[Opening Extracted data section]
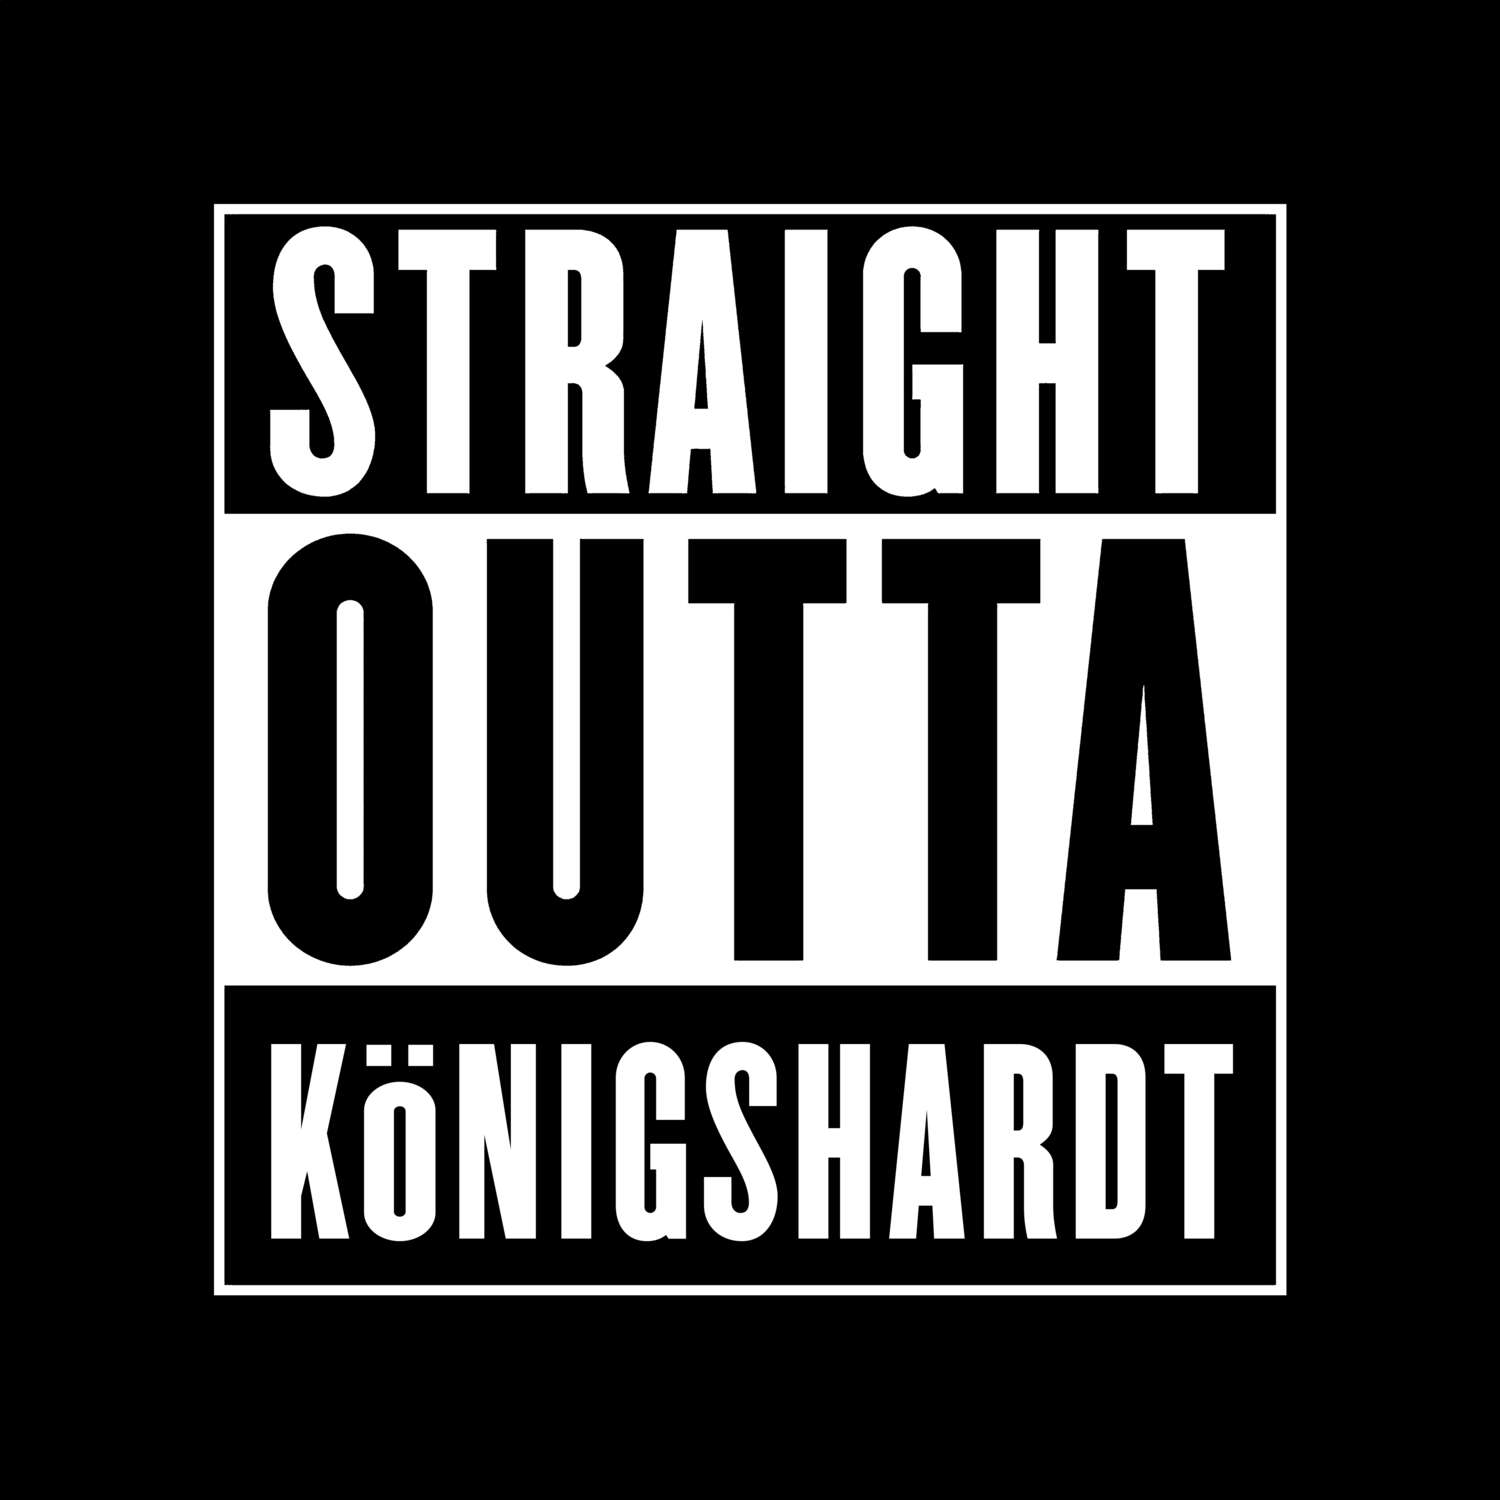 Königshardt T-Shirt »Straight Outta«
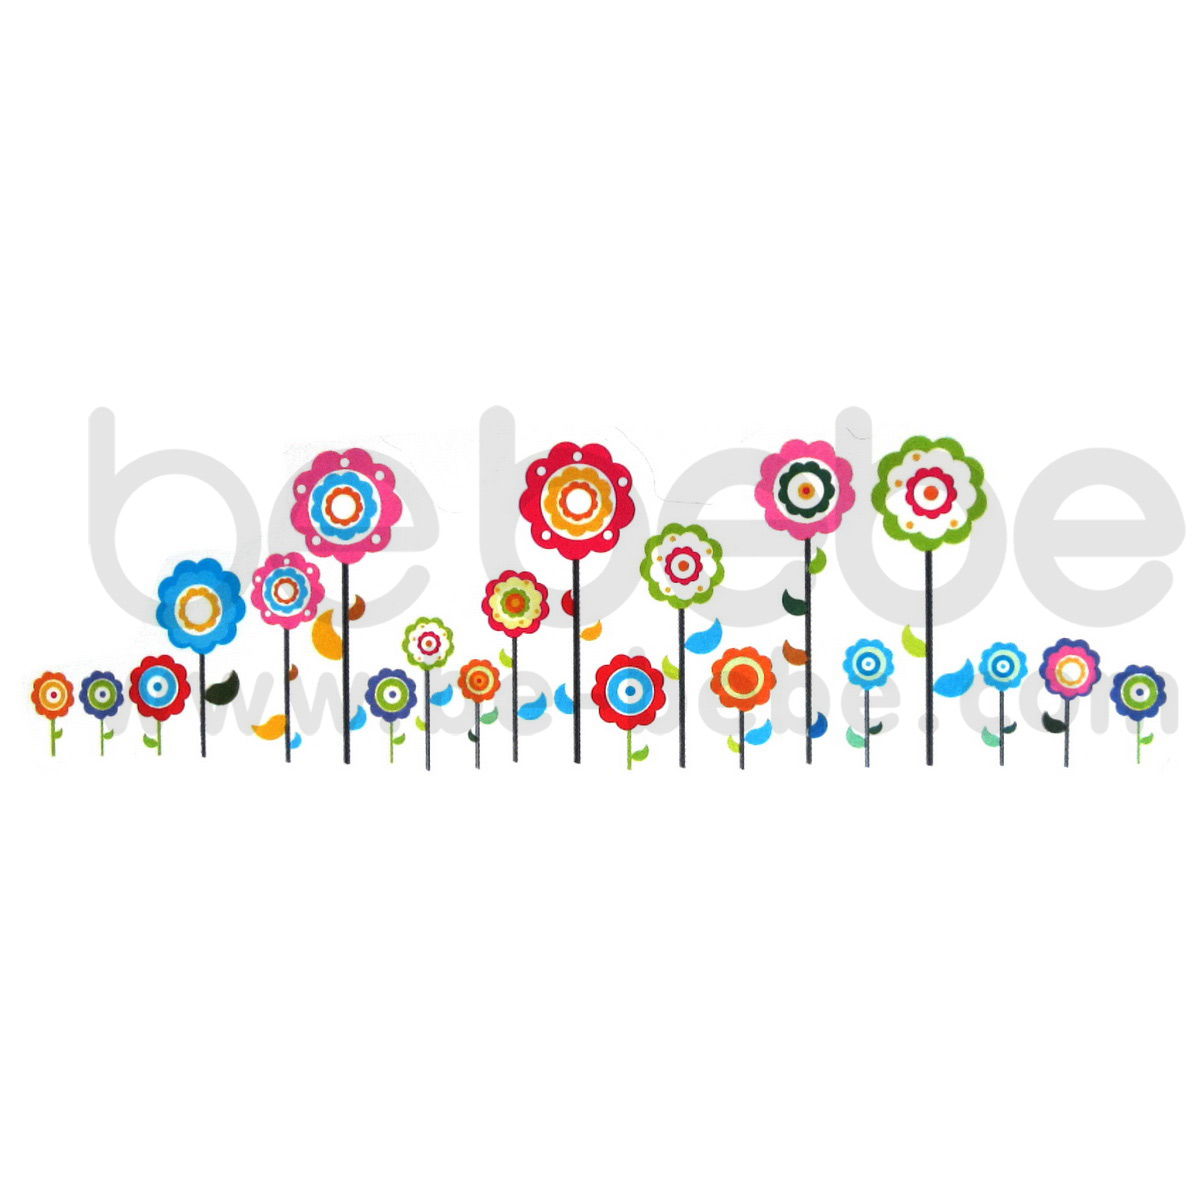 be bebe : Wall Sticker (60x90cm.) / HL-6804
[Closing Extracted data section]
[Opening Extracted data section]
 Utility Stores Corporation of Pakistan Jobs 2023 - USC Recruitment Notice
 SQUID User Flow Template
[Closing Extracted data section]
Work to be completed: Return, with no change at all, every line in the entries above from the line containing "Utility Stores Corporation" through the line containing "SQUID User Flow Template".

Exercise answer:
 Utility Stores Corporation of Pakistan Jobs 2023 - USC Recruitment Notice
 SQUID User Flow Template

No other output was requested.